- Available data
......
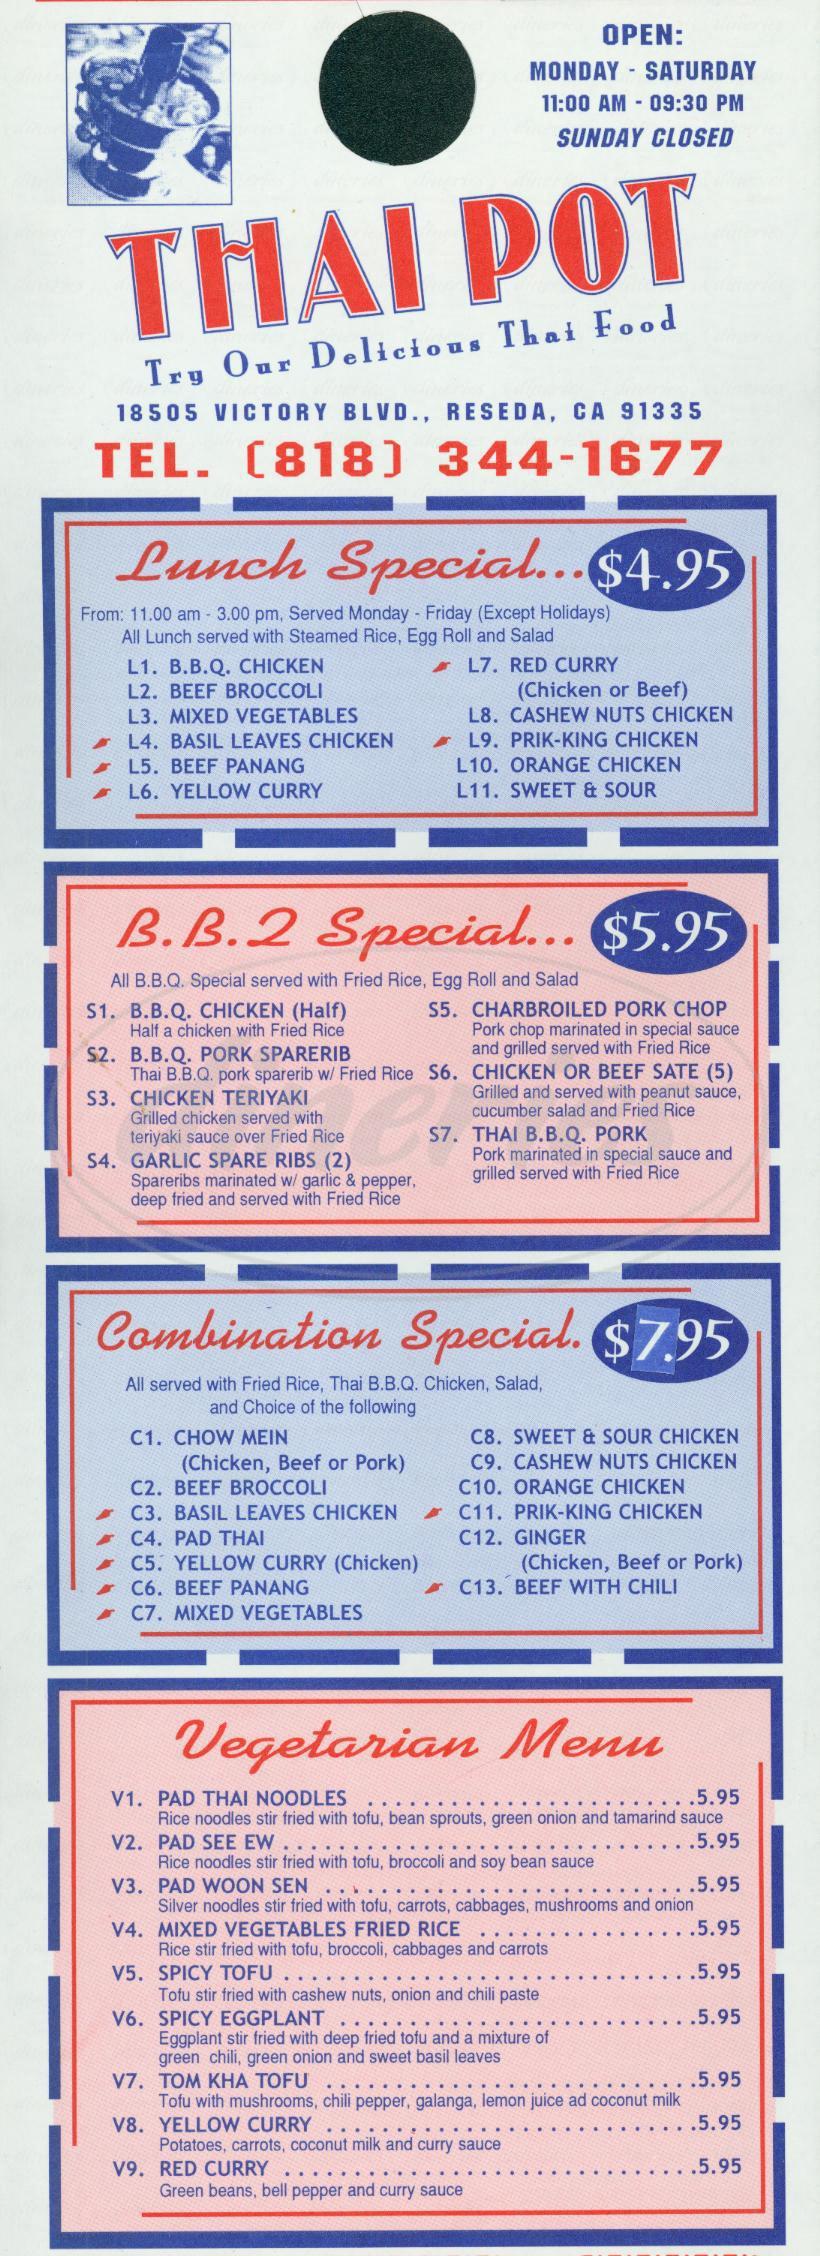 menu for Thai Pot
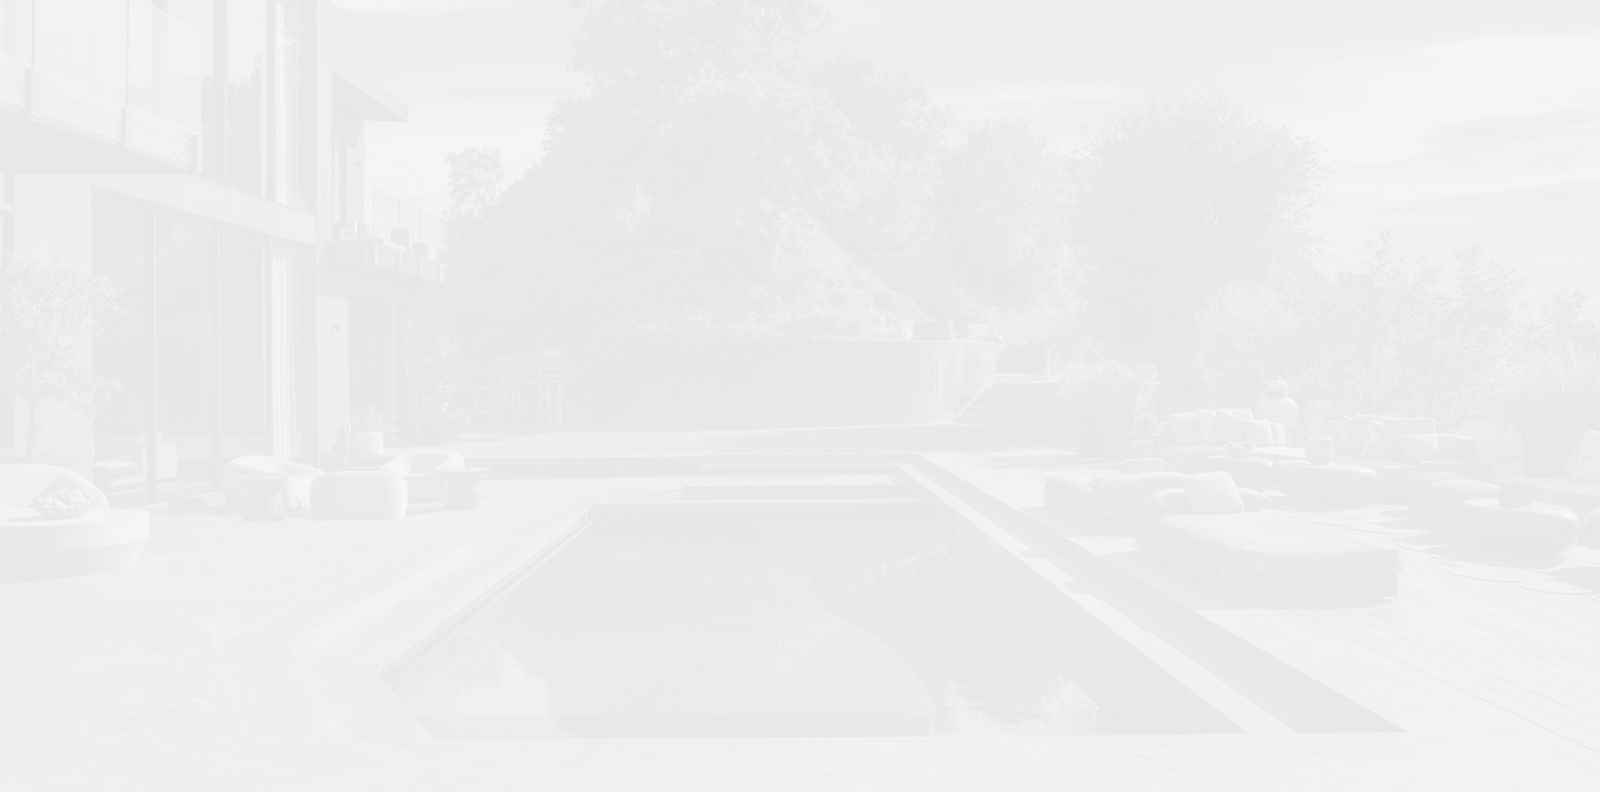 Криси Тейгън и Джон Леджънд продадоха имението си за 17 милиона
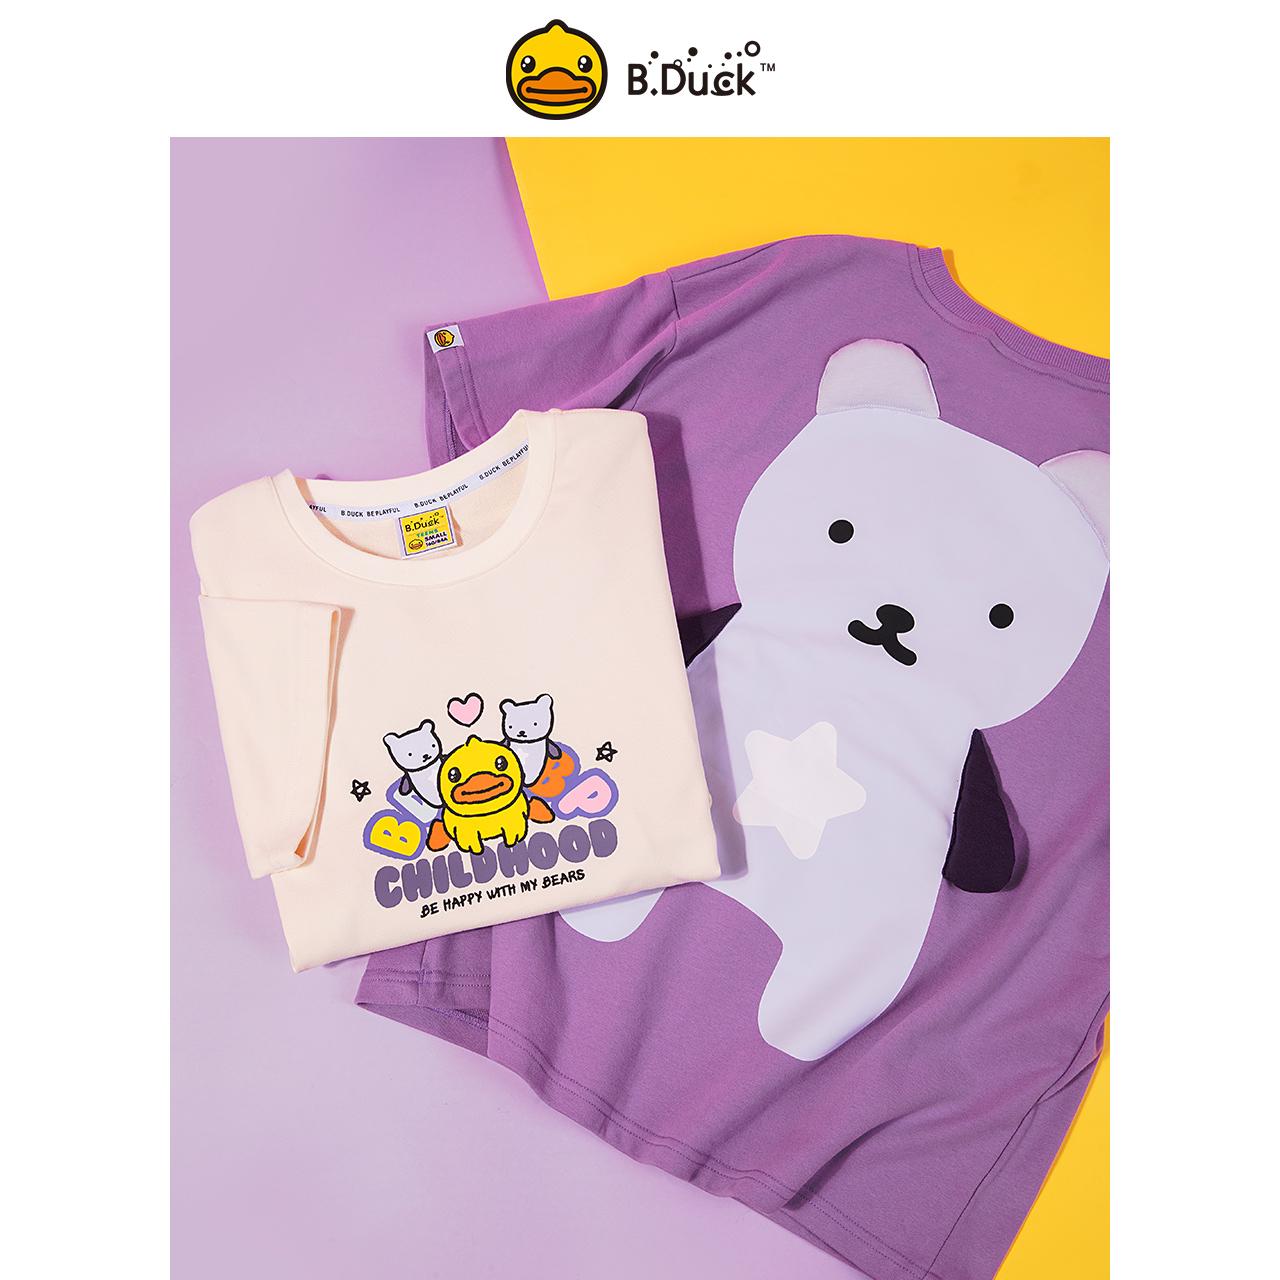 【薇娅推荐】B.Duck小黄鸭2021年夏新款立体充棉可爱印花短袖T恤
......
- Work task
Reproduce the data word for word without its images.

- Solution to this exercise
 menu for Thai Pot
 Криси Тейгън и Джон Леджънд продадоха имението си за 17 милиона
 【薇娅推荐】B.Duck小黄鸭2021年夏新款立体充棉可爱印花短袖T恤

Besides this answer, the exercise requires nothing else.